● **What is being asked**
Pictures stay out; everything else in the listing below is to be restated word for word.

● **Information provided**

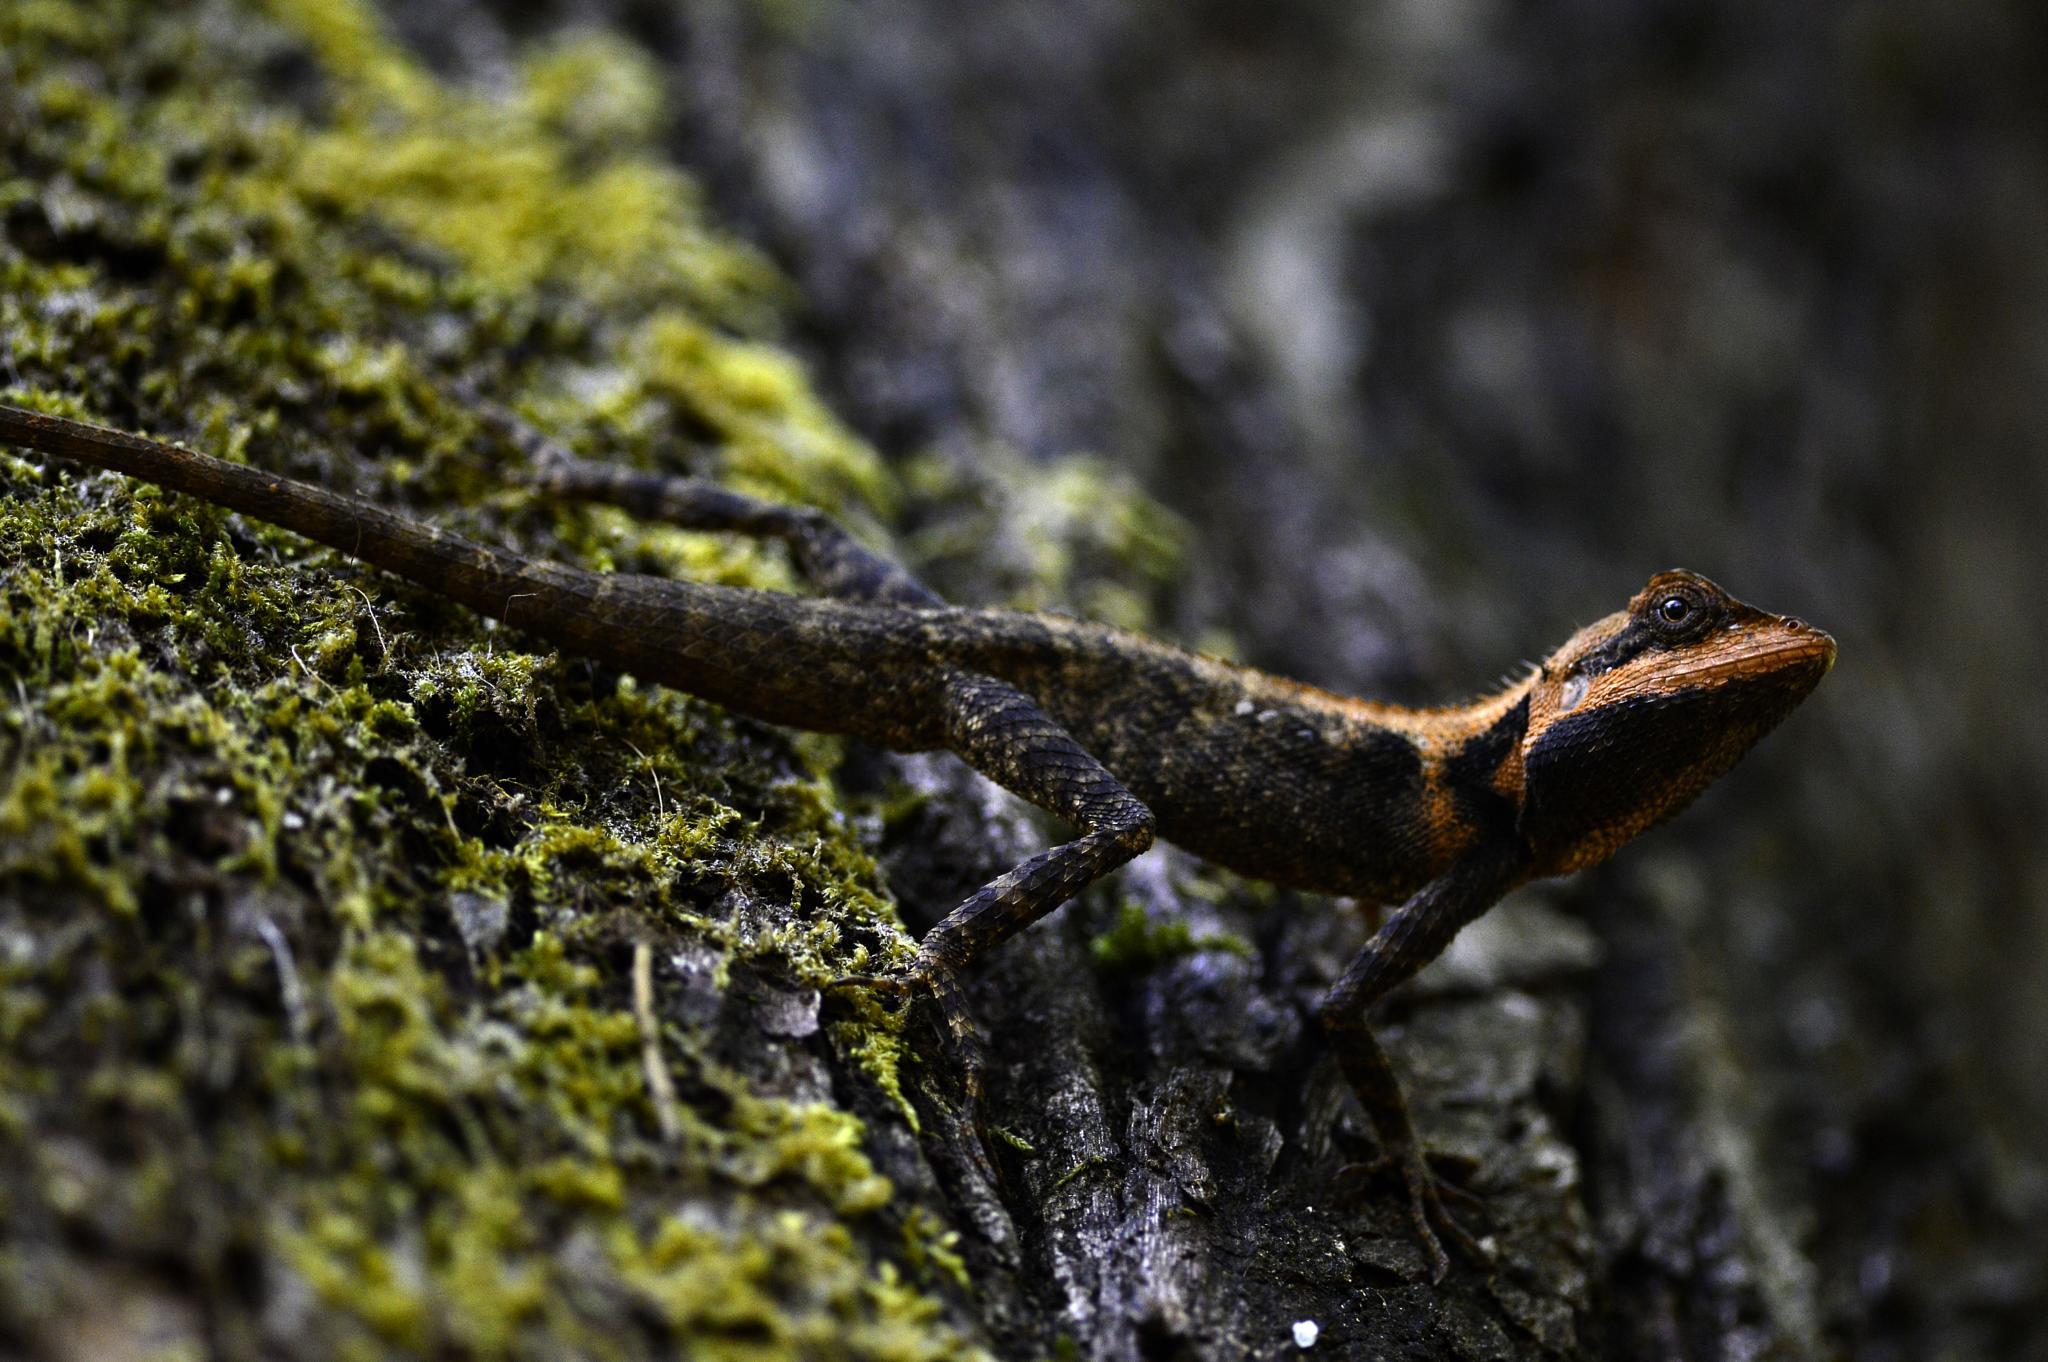 lizard by vasi23
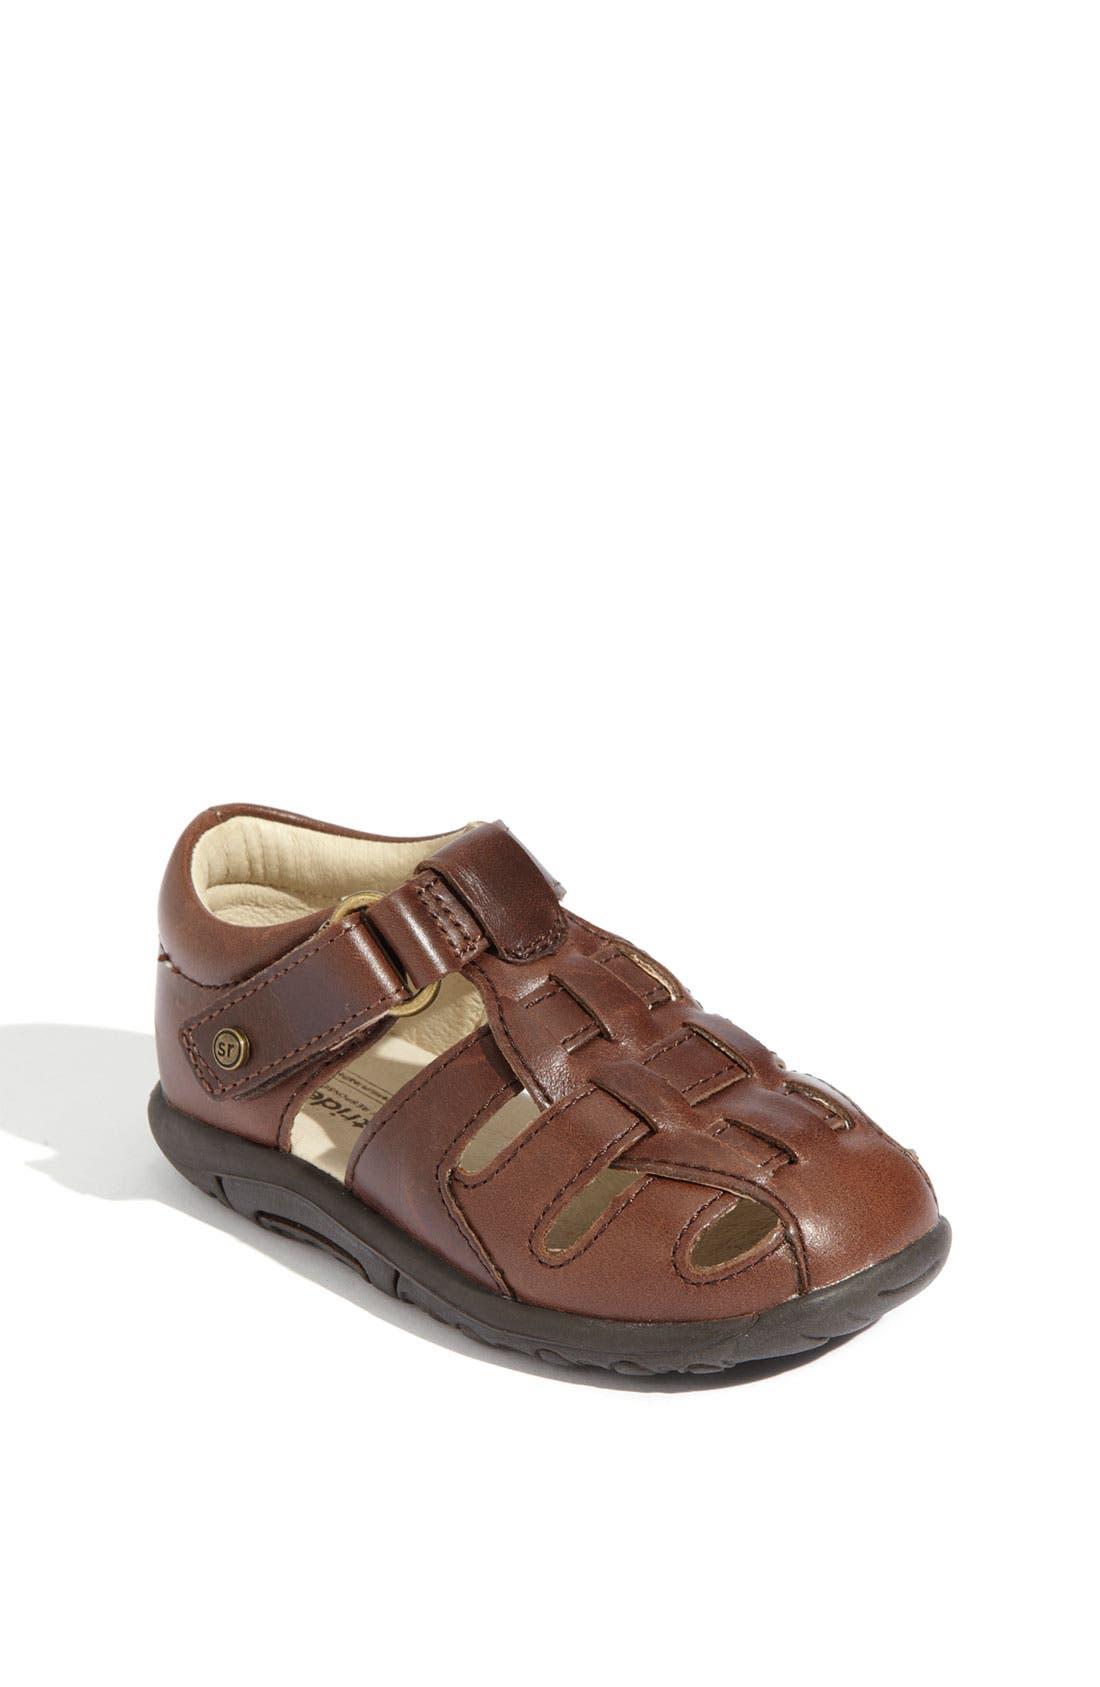 Main Image - Stride Rite 'Harper' Sandal (Baby, Walker & Toddler)
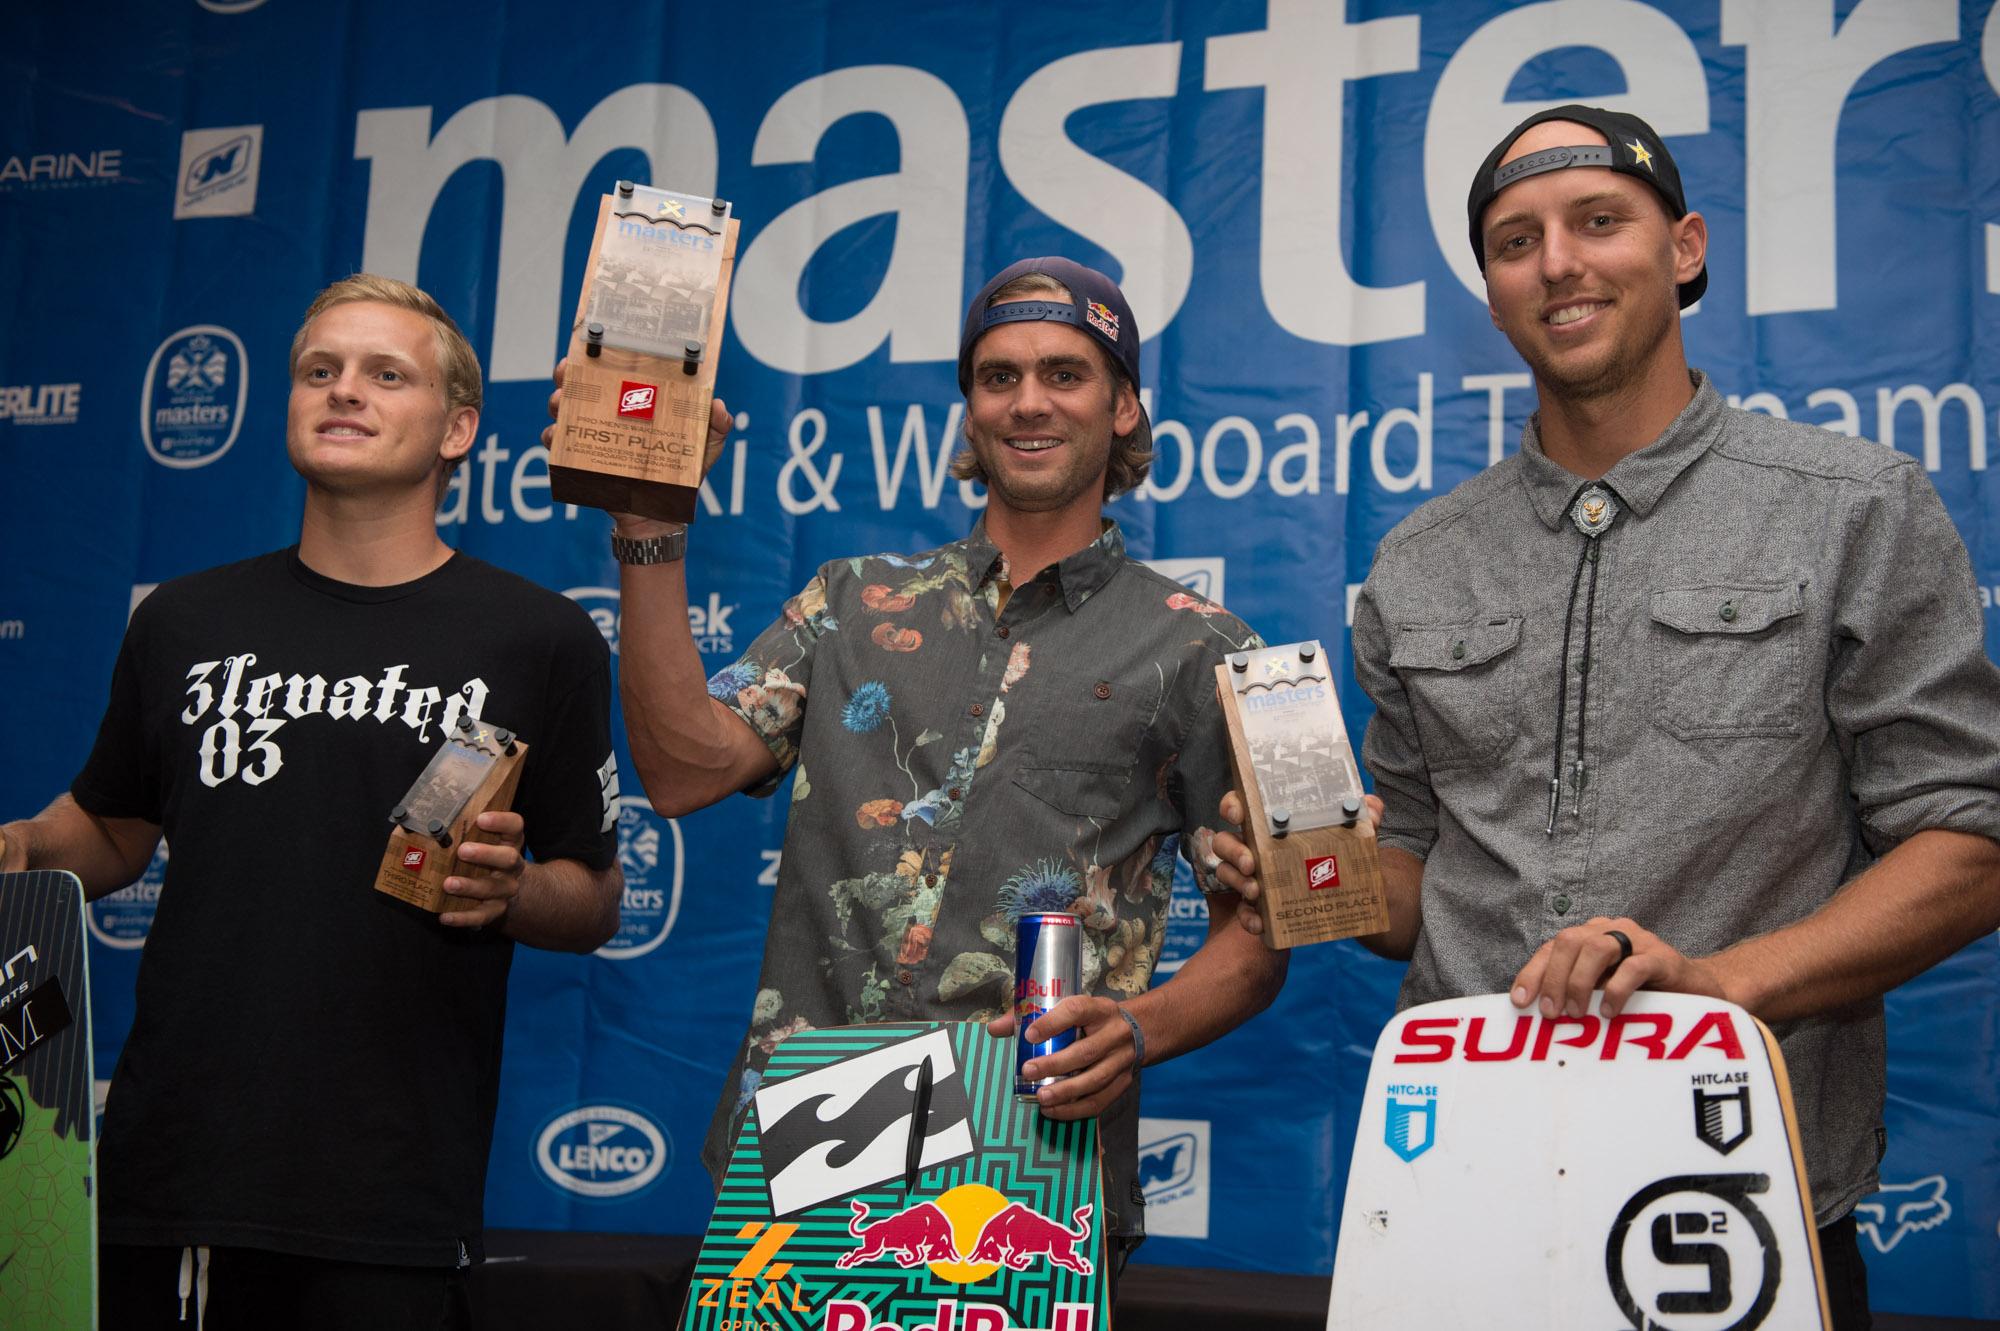 3x Masters Champ // photo courtesy Nautique Boats, Inc. / Aaron Katen
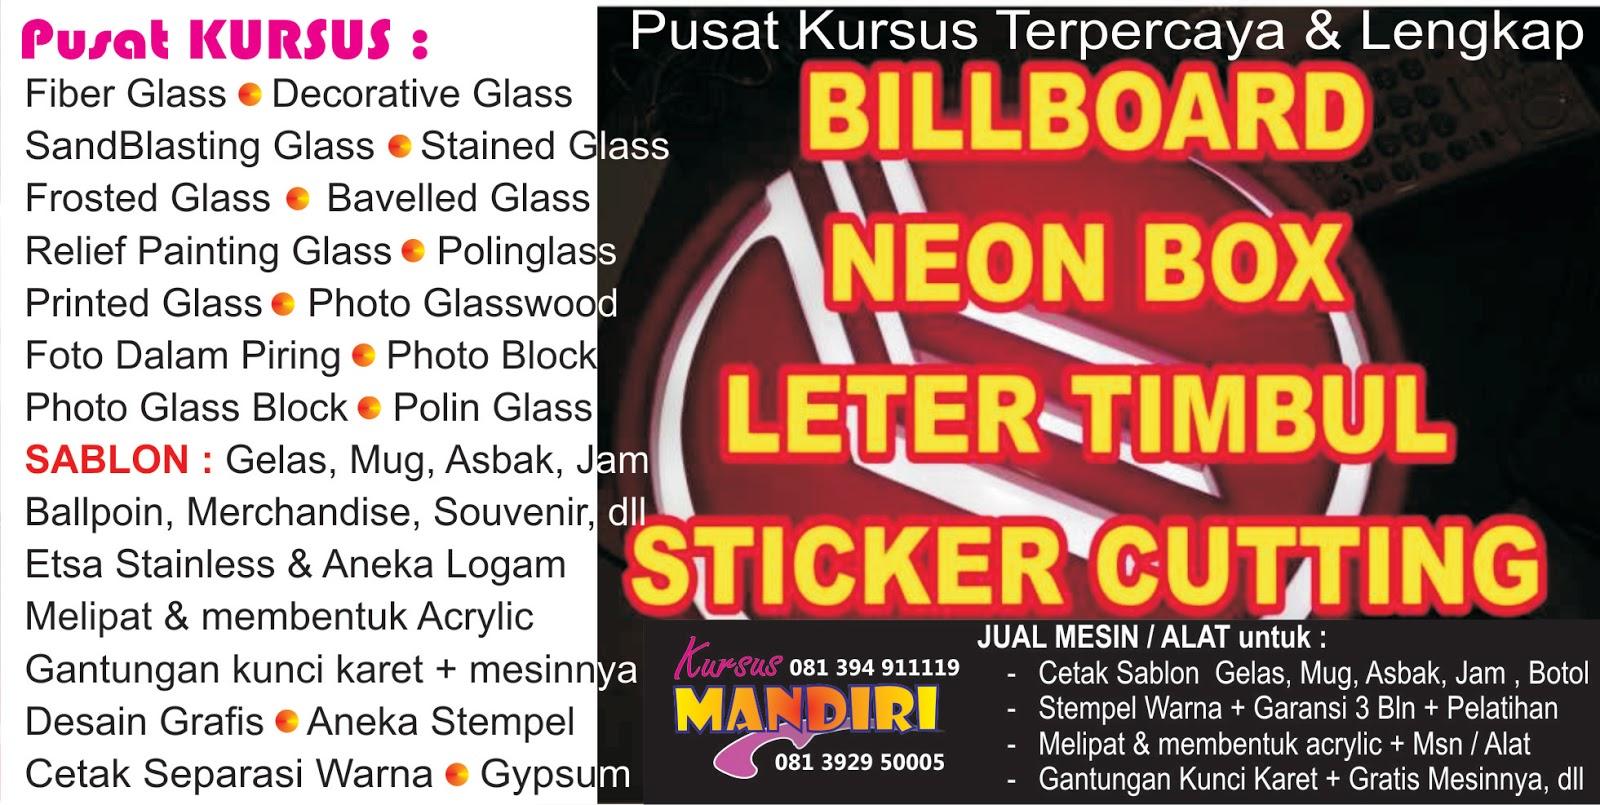 Advertising Merchandise Souvenir Assesoris Variasi

● **Answer space**
 lizard by vasi23
 Main Image - Stride Rite 'Harper' Sandal (Baby, Walker & Toddler)
 3x Masters Champ // photo courtesy Nautique Boats, Inc. / Aaron Katen
 Advertising Merchandise Souvenir Assesoris Variasi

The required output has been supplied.